Alors que les promoteurs et les grands penseurs d’aujourd’hui se penchent sur ce que devrait être le développement de demain, deux cas types se pointent à l’horizon sur la Rive-Sud de Québec.

Le secteur ouest de Lévis, plus précisément l’entrée des ponts à St-Romuald et la route 116 à St-Nicolas, se développera de façon importante avec la création de deux nouveaux milieux de vie. En effet, deux développements majeurs y verront le jour. J’irais même jusqu’à dire deux nouvelles cités dans la cité!

La chance de laisser sa marque

Près des ponts, dans le Carrefour St-Romuald, où l’on retrouve Costco et Latulippe, une parcelle de terrain de plus d’un million de pieds carrés est vouée à un usage résidentiel et comptera une quinzaine de bâtiments totalisant quelque 750 unités locatives et de condos.

Quant au deuxième développement, il concerne le site de l’ancien Ciné-parc qui possède également plus d’un million de pieds carrés.
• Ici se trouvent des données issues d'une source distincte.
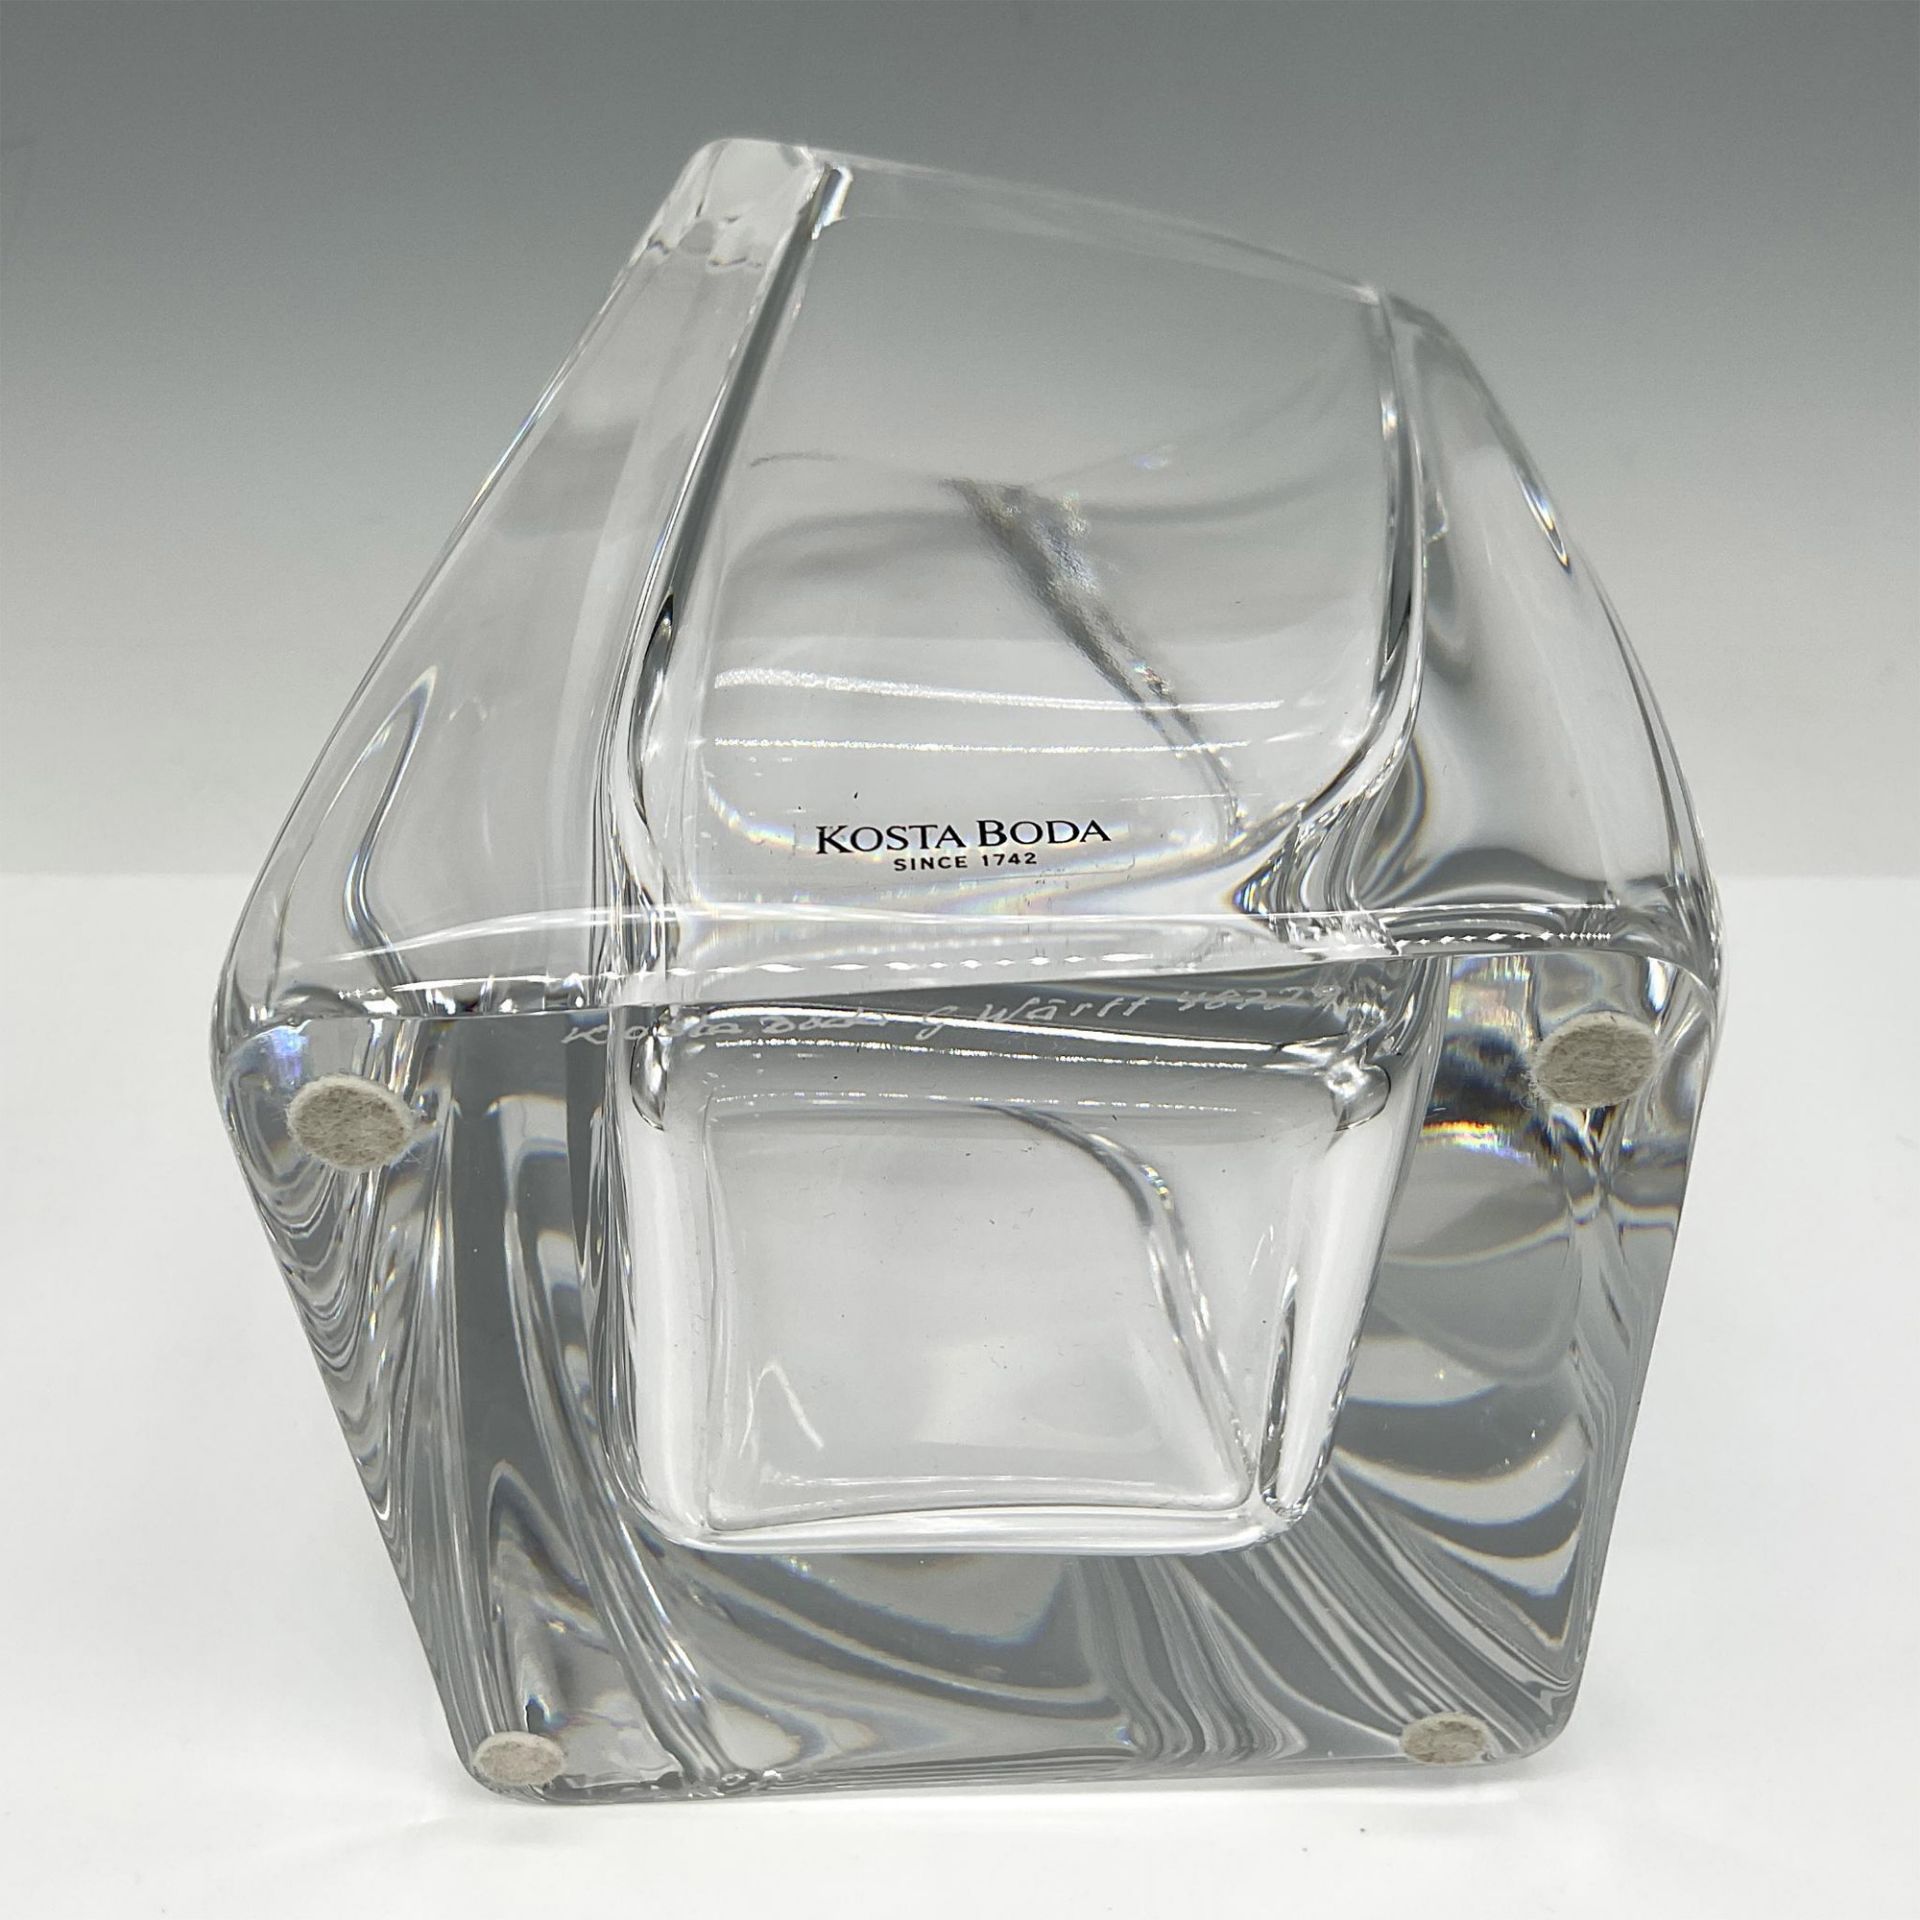 Goran Warff for Kosta Boda Crystal Vase - Image 4 of 4

Immostar désire y ériger plus de 500 unités locatives, un parc et des espaces verts dans le but d’y attirer la nouvelle génération qui recherche les endroits où sont jumelés les grands espaces publics, le sentiment d’appartenance et de communauté, les sentiers pédestres, une offre diversifiée au niveau de l’habitation et la proximité avec les ponts.

Quelle opportunité de réaliser tous les beaux rêves de nos leaders immobiliers et de mettre à exécution les nouvelles mesures de développement tant souhaitées par les experts et les autorités municipales.

Les deux promoteurs ont entre les mains un véritable laboratoire, voire même un terrain de jeux afin de tester les paramètres et mettre en place certaines caractéristiques du modèle scandinave tout en les assimilant au contexte de Québec.

L’envers de la médaille, c’est l’impact sur le transport. Plus de 1250 nouvelles unités de nos jours, ça peut représenter près de 2000 voitures. Lorsqu’on additionne les 5000 à 6000 futurs occupants du projet Le Phare sis de l’autre côté du fleuve, on peut être porté à se creuser les méninges afin de figurer comment tout ça va s’assimiler dans la vie de tous les jours.